II. Maintenance as "Ally."
Finally, as an alternative ground for its holding, the Court finds, on the facts of this case, that Maintenance was not in any event a neutral party entitled to complain of a secondary boycott. The courts have long recognized the so-called "ally doctrine" under which a party who takes over "struck work" from a primary employer involved in a labor dispute becomes himself so directly involved in the primary dispute that he loses his neutrality and may no longer invoke the protective mantle of congressional policy against secondary boycotts to shield his own involvement. Douds v. Metropolitan Federation of Architects, 75 F. Supp. 672 (S.D.N.Y. 1948); Laborer's Local 859 v. NLRB, 144 U.S. App. D.C. 318, 446 F.2d 1319 (1971); see also, Woodwork Manufacturers v. NLRB, 386 U.S. 612, 627, 87 S. Ct. 1250, 18 L. Ed. 2d 357 (1967). While this doctrine appears to have been confined in the past to situations where a strike is actually in progress between union and primary employer before the "ally" takes over work which would otherwise be performed by the union, the rationale of the "ally doctrine" is nonetheless applicable to the particular facts of this case.
The evidence showed that within a few days after Local 82 notified Ring of its desire to renegotiate the terms of their contract, Ring subcontracted out the bulk of the work being performed by the Union to Maintenance. Implicit in the demand by Local 82 for renegotiation was a threat to use economic power in the form of a strike if a new contract could not be reached through collective bargaining. Rather than allowing this process to run its course, Ring sought to short-circuit it by contracting out the bulk of the work previously done by members of Local 82.

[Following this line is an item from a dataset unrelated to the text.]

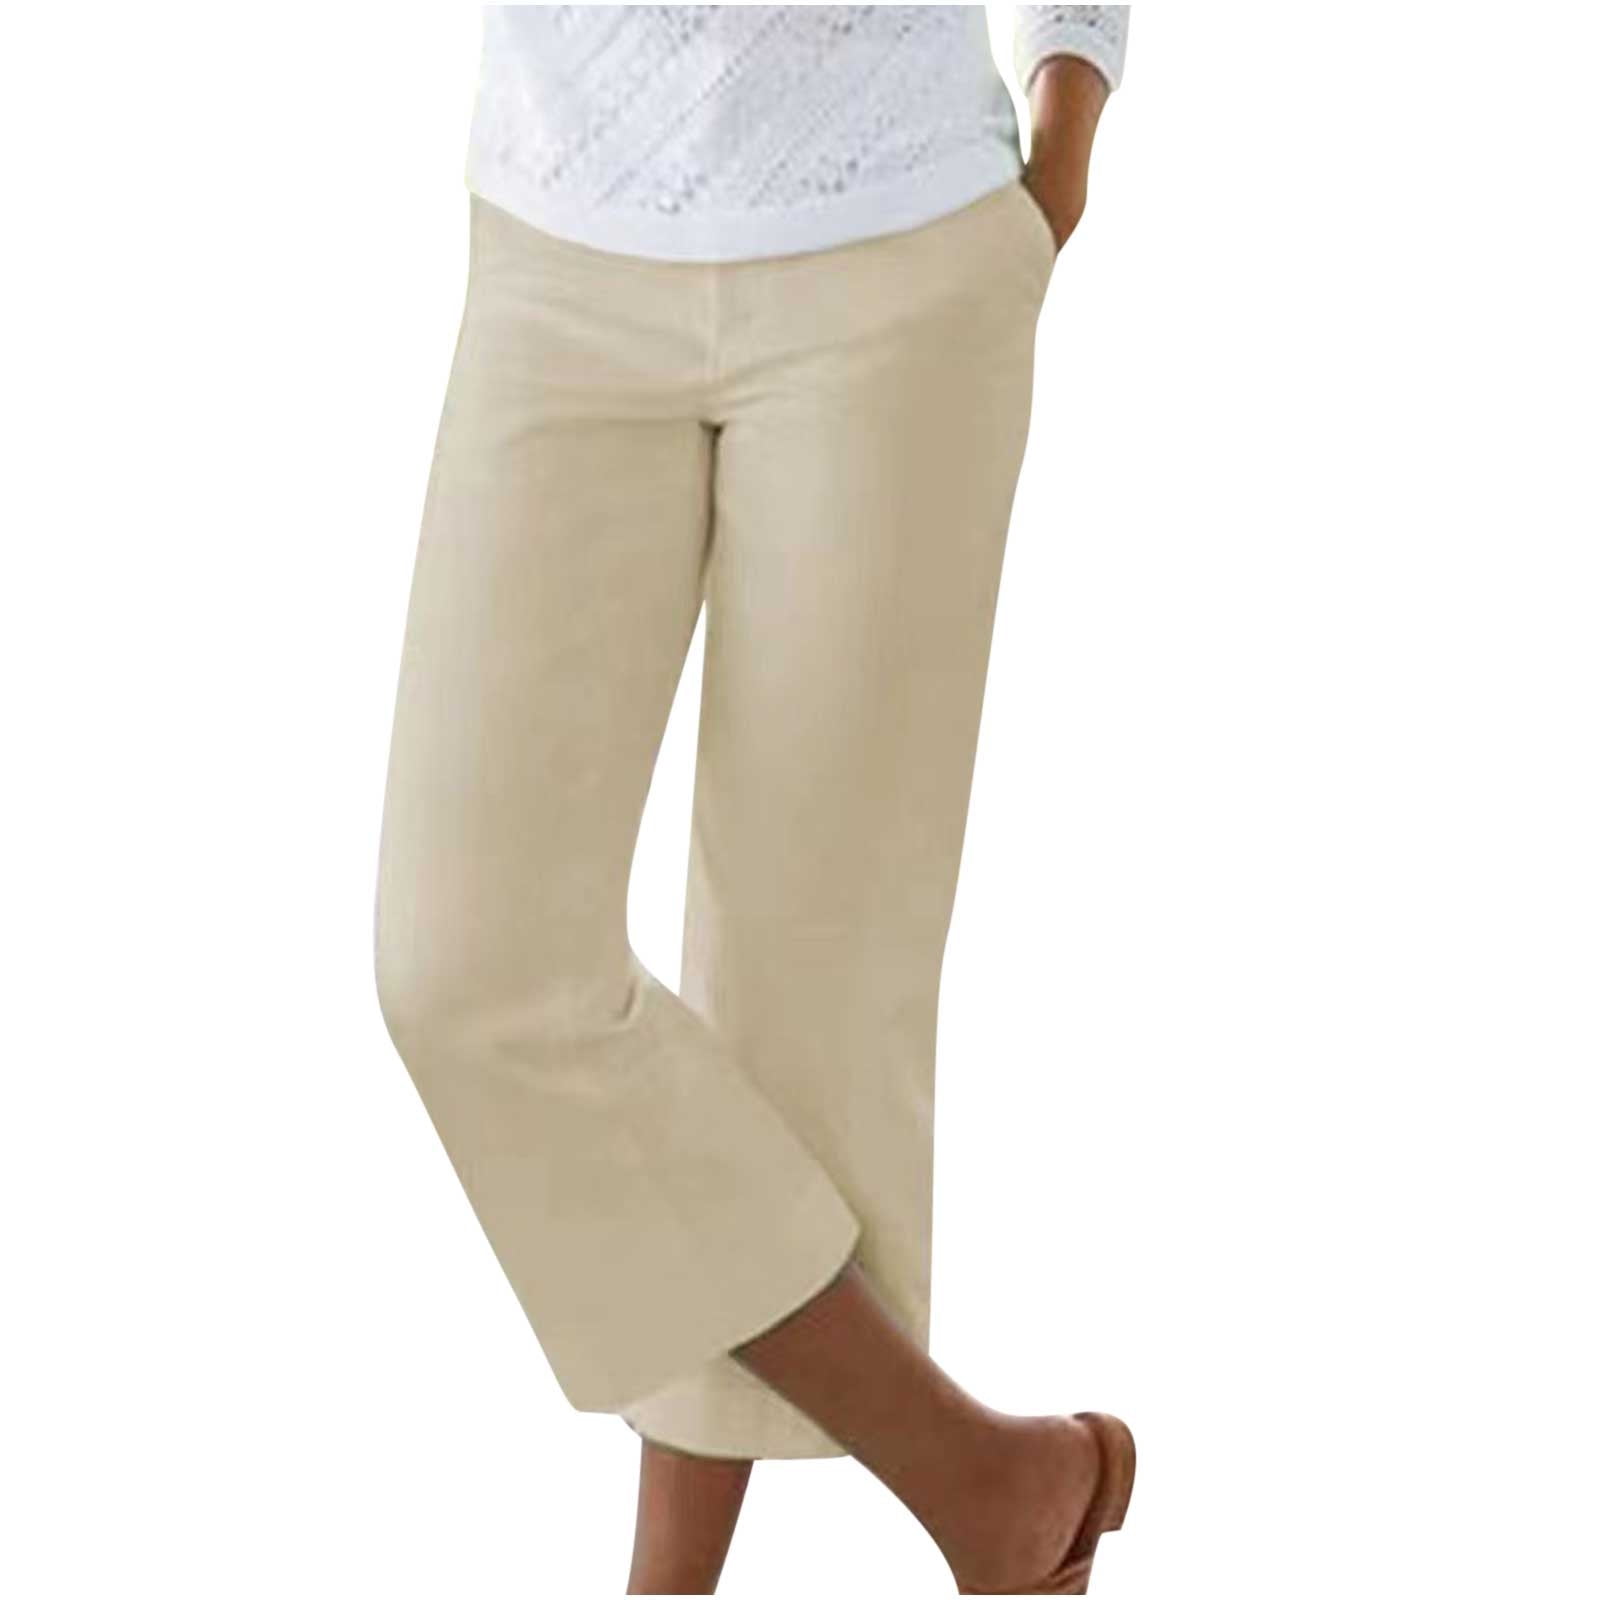 Maplenight Plus Size Capri Pants Women's Solid Color Elastic Waist ...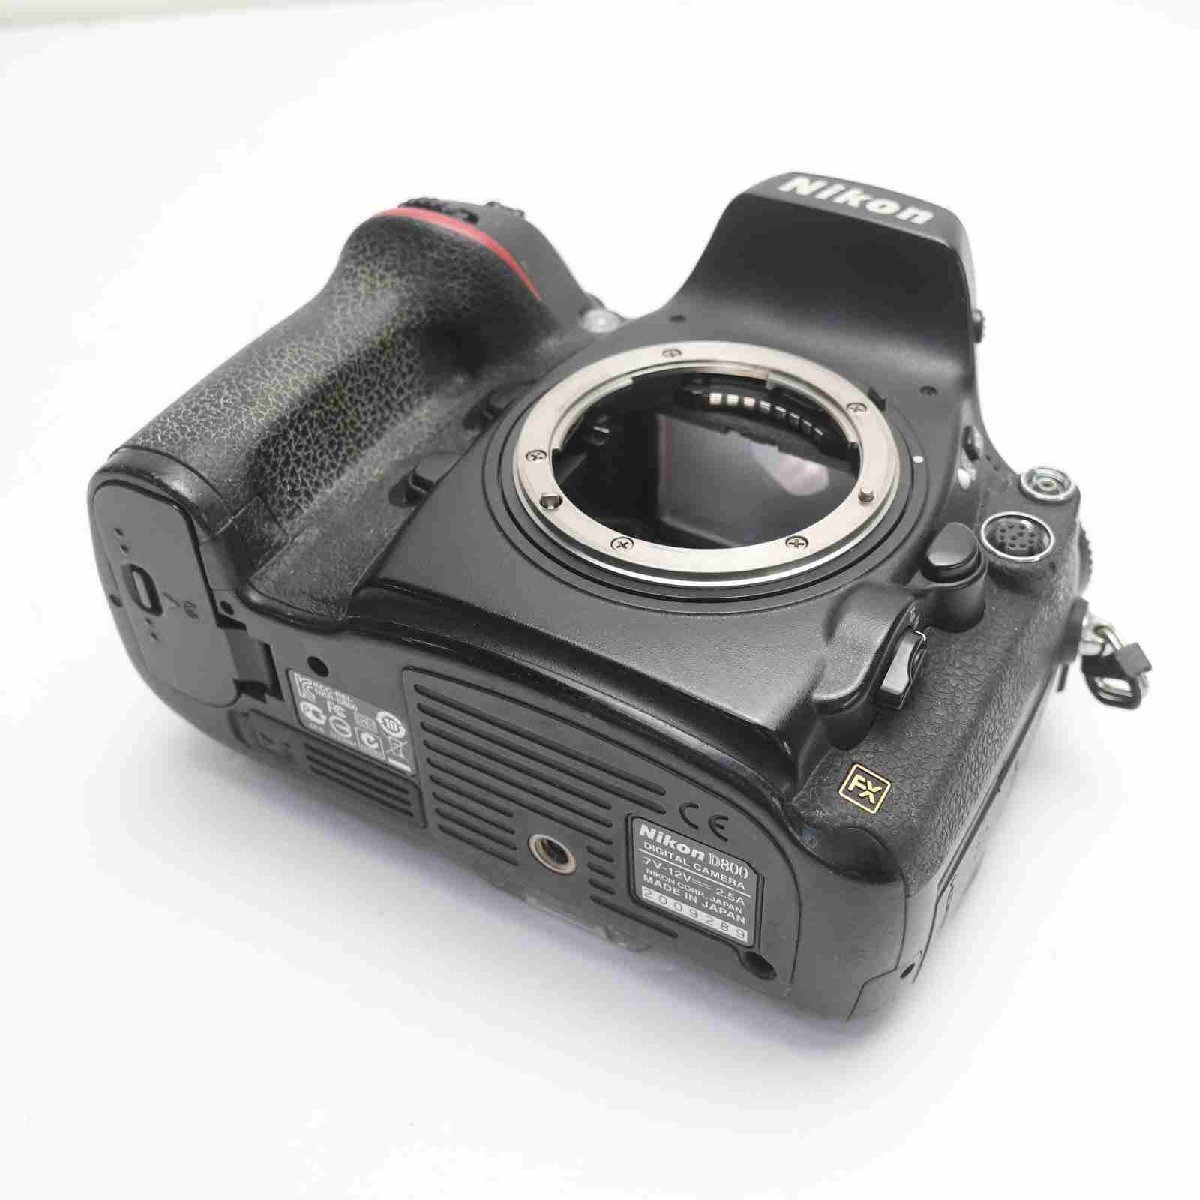 【中古】 良品中古 Nikon D800 ブラック ボディ 安心保証 即日発送 デジ1 Nikon デジタルカメラ 本体 あす楽 土日祝発送OK

Furthermore, the evidence showed that Maintenance, if not indeed an active co-participant in the plan, was at least well aware of it.
Had the process of bargaining on the request of Local 82 for contract renegotiation run its course of impasse, and had the Union struck before Maintenance was brought in to take over the work previously performed by striking union members, there can be no doubt under the decided cases that Maintenance would have been an "ally" unable to complain of a "secondary boycott." Rather than allowing events to follow that course, however, Ring, with the full knowledge and concurrence of Maintenance, pre-empted the process by bringing in Maintenance to take over the union work at the mere threat to invoke economic power which was implicit in the request by Local 82 for renegotiation.
The "ally doctrine" has the salutary purpose of preventing congressional solicitude for the rights of neutrals from becoming perverted into a device for vitiating the protected rights of union members to bargain, and if need be, to strike; it cannot be subverted by formal requirements which ignore the underlying realities.
Therefore, on the facts of this case, where a primary employer seeks to avoid imminent bargaining by subcontracting out work which would otherwise be performed by union members, and at least where the record also indicates that the subcontractor was a knowing party to such a plan, the Court holds that the subcontractor has become an "ally" who has injected himself into the primary dispute to such an extent that he can no longer seek damages for the threat of a secondary boycott.
Judgment is entered for defendant. Defendant's request for counsel fees is denied.